Using BCE to "move in time"

The idea to use BCE to implement ability to move in time was born after I had a conversation with my colleague. He was suggesting BCE to intercept native calls, but later on (after trying it) I realized it's not the way to go. Instead, I decided to instrument calls "at the client side", meaning I decided to modify all calls themselves instead of just modifying java.lang.System.currentTimeMillis (which is native method). This approach seemed to work and is still in use.

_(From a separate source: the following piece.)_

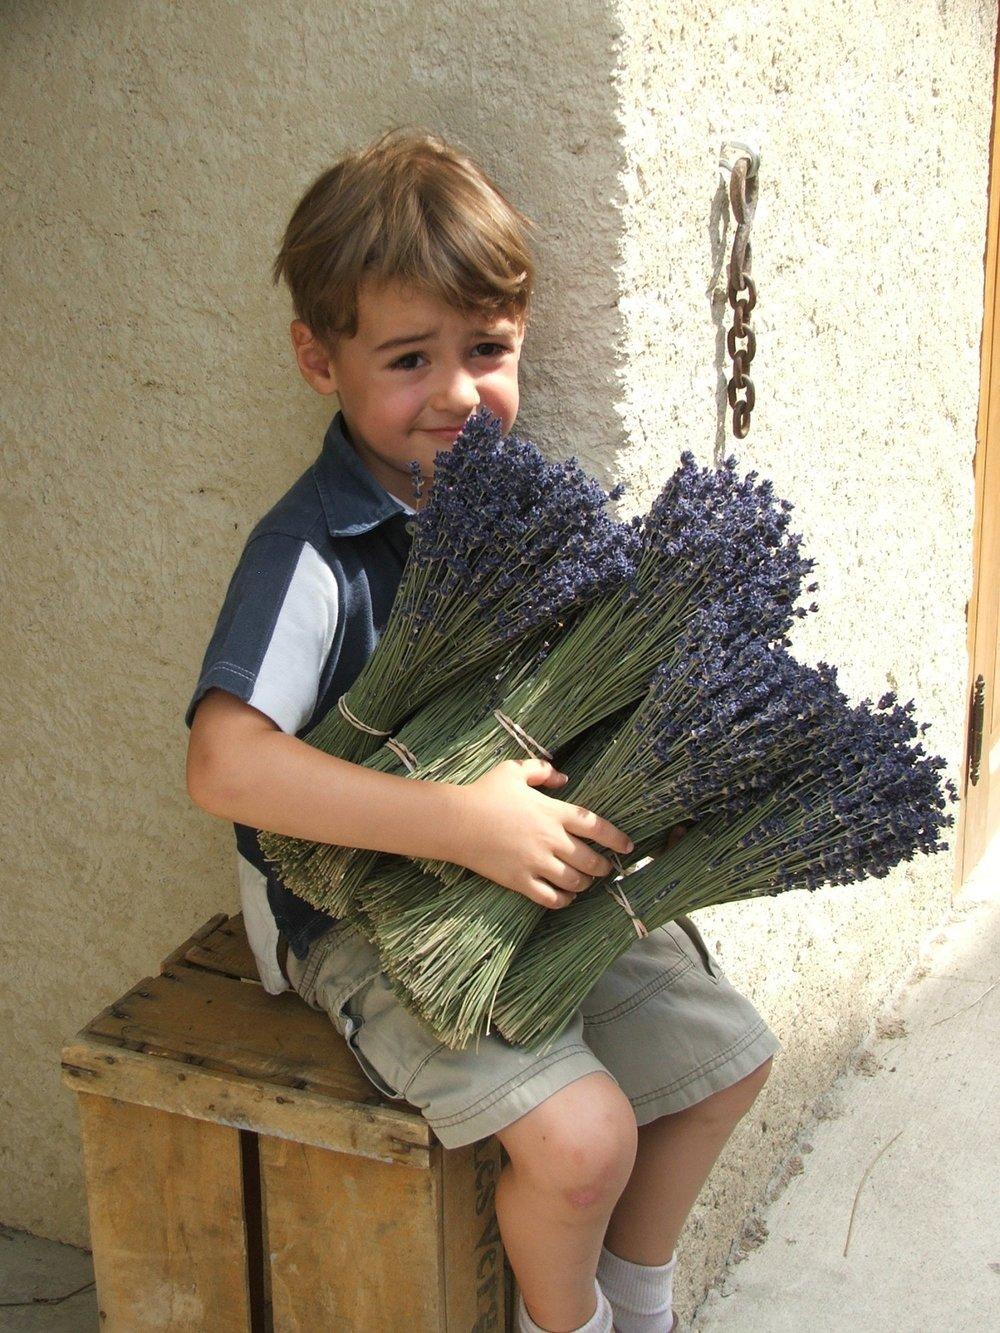 La Verriere Lavender collecting

In this posting we go through the trickiest parts of time machine agent. We start with the easiest hook: intercepting calls to java.lang.System.currentTimeMillis. The ASM code intercepting those calls looks like this:

if( opcode == INVOKESTATIC && owner.equals( "java/lang/System") &&

name.equals( "currentTimeMillis" ) ) {

// Generate a currentTimeMillis call

super.visitMethodInsn( opcode,owner,name,desc );

// Push timeOffset on the stack

visitLdcInsn( new Long( timeOffset ) );

// Add the two topmost operands

visitInsn( LADD );

// Only current time remains on the stack

}

What's going on here? We intercept all calls which are static, are invoked against class of type java.lang.System and have method name currentTimeMillis. The very first thing we do is the invocation of actual method. Now the top of the operand stack (TOS) is current time. Then we push time offset on the stack and request addition of two longs (LADD). As a result we have now adjusted current time by the time offset. When this instrumentation code is run on any class calling java.lang.System.currentTimeMillis, it will add given offset to current time. So the following line of code:

System.out.println( new Date( ) );

actually executes this bytecode:

0: getstatic #32; //Field java/lang/System.out:Ljava/io/PrintStream;
3: invokestatic #47; //Method java/lang/System.currentTimeMillis:()J
6: ldc2_w #20; //long 18000000l
9: ladd
10: invokevirtual #49; //Method java/io/PrintStream.println:(J)V

Note how the time offset, five hours, maps to constant 1800000l, which is then added to current time (moving "current" time five hours to the future).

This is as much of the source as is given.